Os homens têm um instinto secreto, que os leva a procurar divertimentos e ocupações exteriores, nascido do ressentimento de suas contínuas misérias; e têm outro instinto secreto, resto da grandeza de nossa primeira natureza, que os faz conhecer que a felicidade só está, de fato, no repouso, e não no tumulto; e desses dois instintos contrários, forma-se neles um projeto confuso, que os leva a procurar o repouso pela agitação... E assim se passa toda a vida.

Quando considero a duração mínima da minha vida, absorvida pela eternidade precedente e seguinte, o espaço diminuto que ocupo, e mesmo o que vejo, abismado na infinita imensidade dos espaços que ignoro e me ignoram, assusto-me e assombro-me de me ver aqui e não lá. Quem me pôs aqui? Por ordem de quem me foram destinados este lugar e este espaço?

Uma vez que não podemos ser universais e saber tudo quanto se pode saber acerca de tudo, é preciso saber-se um pouco de tudo, pois é muito melhor saber-se alguma coisa de tudo do que saber-se tudo apenas de uma coisa.

Há duas espécies de homens: uns, justos, que se consideram pecadores, e os pecadores que se consideram justos.

Nem a contradição é sinal de falsidade nem a falta de contradição é sinal de verdade.

Dois excessos: excluir a razão, admitir apenas a razão.

O aumento do conhecimento é como uma esfera dilatando-se no espaço: quanto maior a nossa compreensão, maior o nosso contato com o desconhecido.

A natureza tem perfeições que mostram que é a imagem de Deus, e defeitos que mostram que é apenas a imagem.

Uma indiferença pacífica é a mais sábia das virtudes.

O último esforço da razão é reconhecer que existe uma infinidade de coisas que a ultrapassam.

Em matéria de amor, o silêncio vale mais do que a fala.

O que é o homem na natureza? Um nada em relação ao infinito, um tudo em relação ao nada, um ponto a meio entre nada e tudo.

O prazer dos grandes homens consiste em poder tornar os outros felizes.
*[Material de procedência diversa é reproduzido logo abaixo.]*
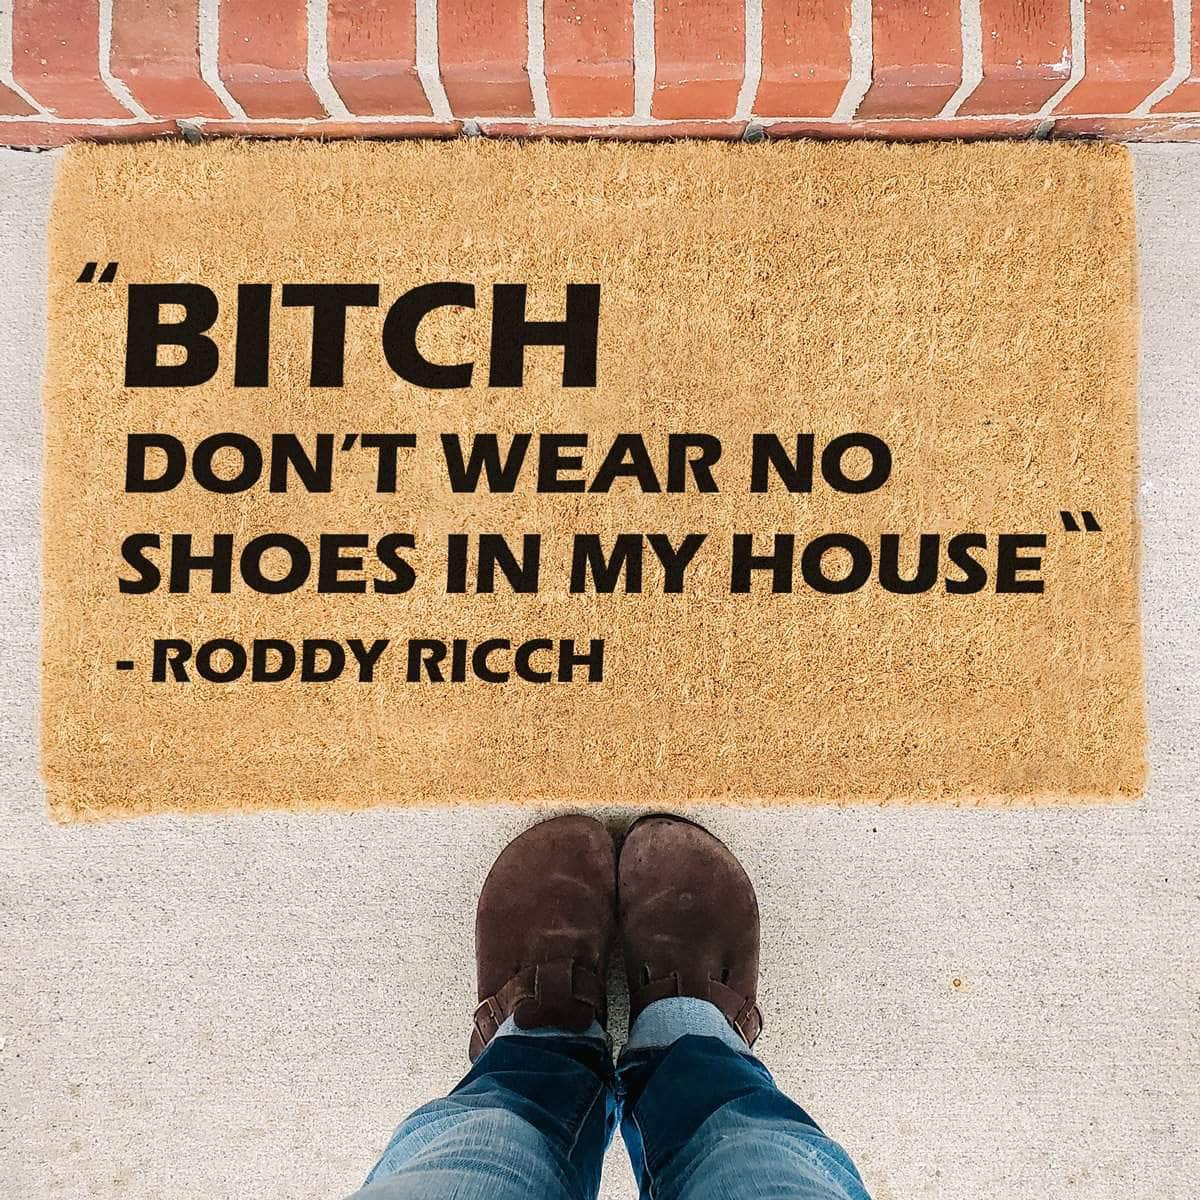 Bold Bitch Don't Wear No Shoes In My House - Roddy Ricch Doormat

Os olhos são os intérpretes do coração, mas só os interessados entendem essa linguagem.

Poucas amizades subsistiriam se cada um soubesse aquilo que o amigo diz de si nas suas costas.

É o coração que sente Deus e não a razão.

O homem está sempre disposto a negar tudo aquilo que não compreende.

A consciência é o melhor livro de moral e o que menos se consulta.